Steve Jobs was wrong: The customer knows best in the age of crowd-sourcing
Apple’s 1997 “Think Different” campaign stands out as one of the major turning points in that company’s history. It was a message that Steve Jobs and his innovative spirit had returned to the firm, after he left in 1985.
Jobs was as famous for championing the misfit as for saying that, in business, you won’t succeed if you simply ask customers what they want and then try to give that to them. It’s an inspiring sentiment and one that continues to resonate with entrepreneurs and business leaders to this day. For Jobs, being a “crazy one” was about having the vision to look beyond the status quo with a commitment to disruption.
I’m all for championing those with the courage to pursue an idea, those with an unwavering belief in spite of adversity or a prevailing mood to the contrary.
Yet I firmly believe that asking your customer what they think can never be a bad policy. While it’s tempting to assume that customers can be told what they need by a legion of entrepreneurial white knights, business doesn’t always work like that. Indeed, when you look at the companies that make up 2015’s billion-dollar club, it appears the opposite is true.

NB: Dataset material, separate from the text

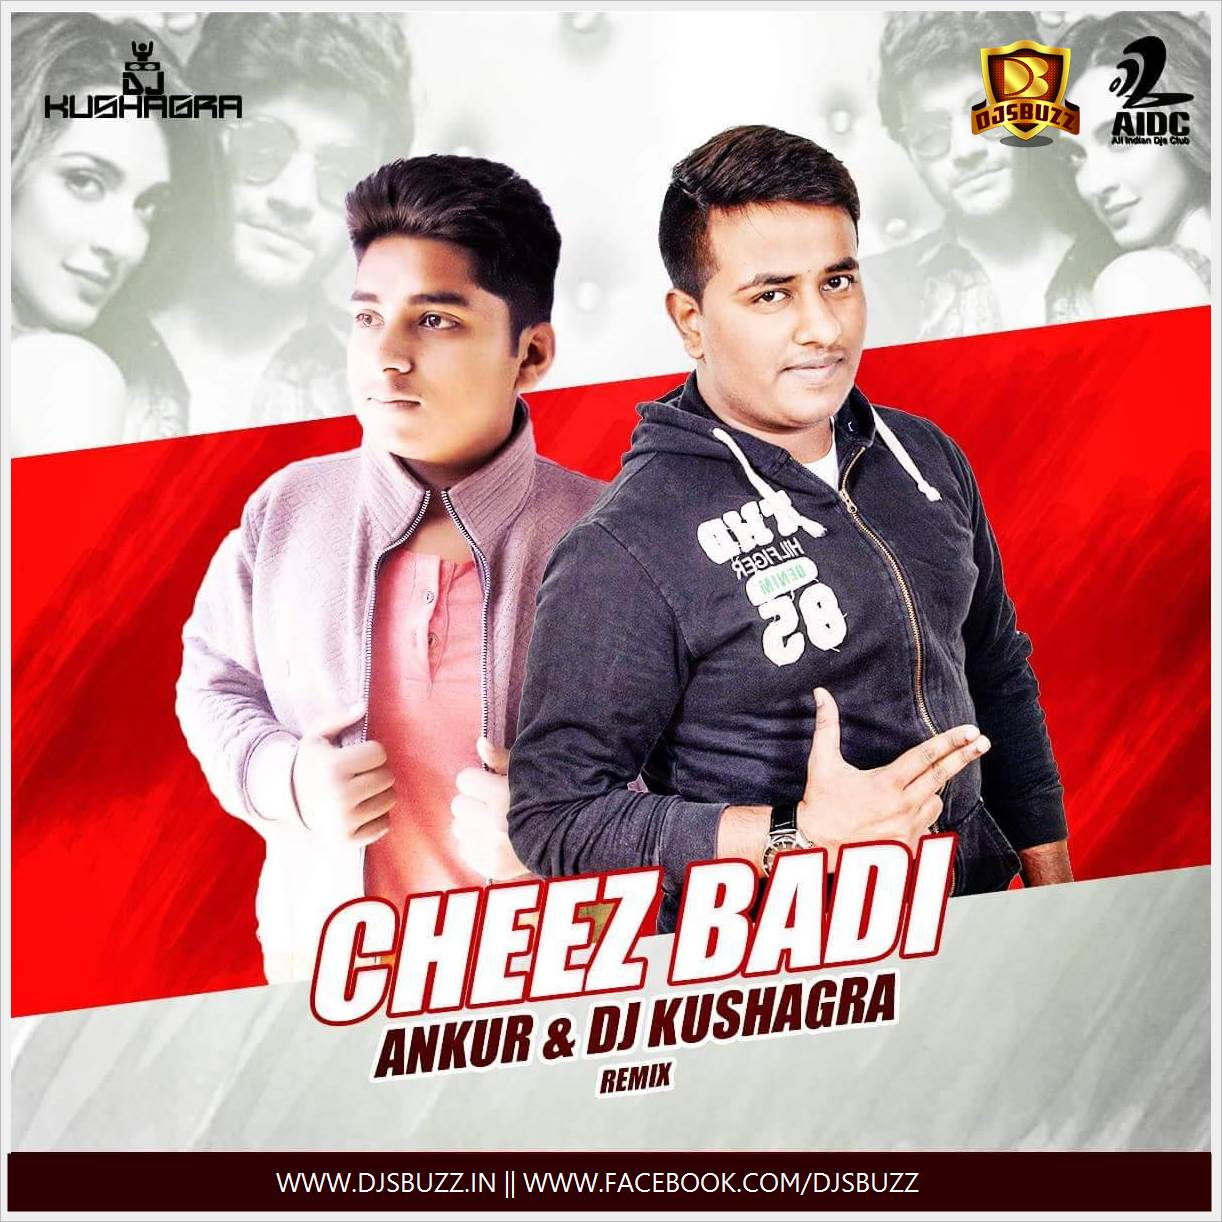 Tu Cheez Badi Download 2017: ANKUR & DJ Kushagra

Whether it’s Facebook, Twitter, Uber or Airbnb, the success of today’s biggest firms is borne from an ability to quickly adapt in response to feedback from users and customers. Indeed, it’s this capability that makes these new business models truly disruptive, built as they are on environments that allow for constant innovation and change. To this end, companies have grown more adept at crowd-sourcing customer opinion.
In business, the customer is king – always has been, always will be – and recent developments have only reinforced this for my company’s sector, the big data industry.
The tech community is fond of talking up big data’s promise, given its potential to disrupt industries the world over. But despite maturing at an extraordinary rate, organisations are still figuring out how to best implement the technology, with a recent report from Wikibon finding that just 18 per cent of users are happy with the results they are seeing.
I firmly believe that big data technologies will help take business to the next level, but you cannot ignore what end users are telling you. For WANdisco, this only served as a further reminder that customer-focused strategies are at the heart of every successful business.
It’s for this reason that we recently launched a new product designed to better address the realities of the market, delivering efficiency and quality that makes big data easier for global businesses to implement. WD Fusion ensures users are able to use Hadoop with unmatched flexibility, promoting agility and choice regardless of how data centres are configured.
The success of a Steve Jobs product wasn’t a result of refusing to ask customers if they wanted it. They really did want it – he was just so skilled that he didn’t need to ask.
Like Jobs, the most successful and revolutionary entrepreneurs are wired to draw new and imaginative connections from the human information they interact with. They are all, in essence, crowd-sourcers.